OSTRÓDA. Nowe ostródzkie wiaty przystankowe miały poprawić estetykę miejskiego krajobrazu Ostródy. Niestety wyszło to średnio. Coś się jednak zaczęło dziać, bo pojawiły się rozkłady jazdy i gdzieniegdzie “wyrastają” biletomaty.
Wiaty przystankowe na terenie Ostródy miały poprawić m.in. wizerunek miejskiego transportu publicznego. Tymczasem wykonawca wybrany w drodze przetargu, delikatnie rzecz ujmując, nie podołał zadaniu. Podczas ubiegłorocznego odbioru 35 wiat przystankowych stwierdzonych zostało wiele nieprawidłowości wykonania. Wady uniemożliwiły przedstawicielom miasta odebranie wykonanej usługi.
Wiaty miały więcej wad niż zalet. Wykonane zostały nieestetycznie, do ich wykonania wykorzystano słabe materiały, które nie wytrzymały konfrontacji z lokalnymi wandalami. Ostródzianie narzekali, że podczas deszczu ciężko było się skryć pod dachami wiat, bo po prostu były za małe w niektórych lokalizacjach miasta. No i do rozkładów jazdy autobusów miejskich trzeba było kucać lub przyklękać, bo stały na ławce tudzież ziemi.

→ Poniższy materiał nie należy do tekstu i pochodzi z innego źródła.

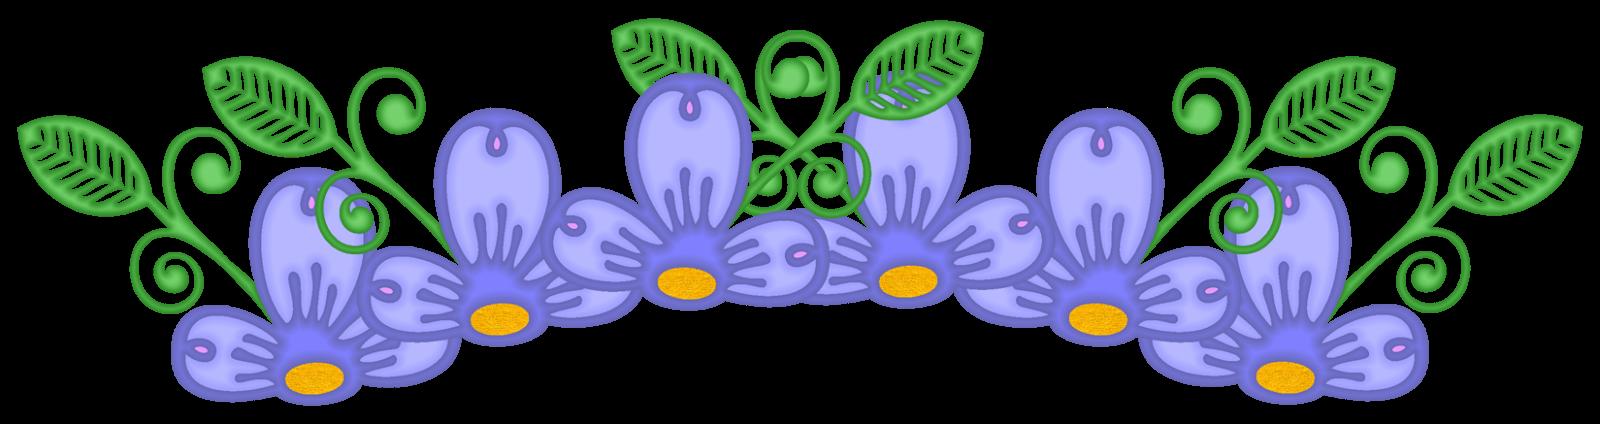 Clipart Blume 3

Od początku lutego miasto jest właścicielem wiat przystankowych. Teraz władze Ostródy chcą przebudować zbudowane w ubiegłym roku nowe wiaty. Pierwsze zmiany już trochę widać, bo na wiatach pojawiły się rozkłady jazdy. Są nawet czytelne, a mapy poszczególnych linii autobusowych rozrysowane niczym plany warszawskiego metra. W niektórych miejscach pojawiły się też biletomaty.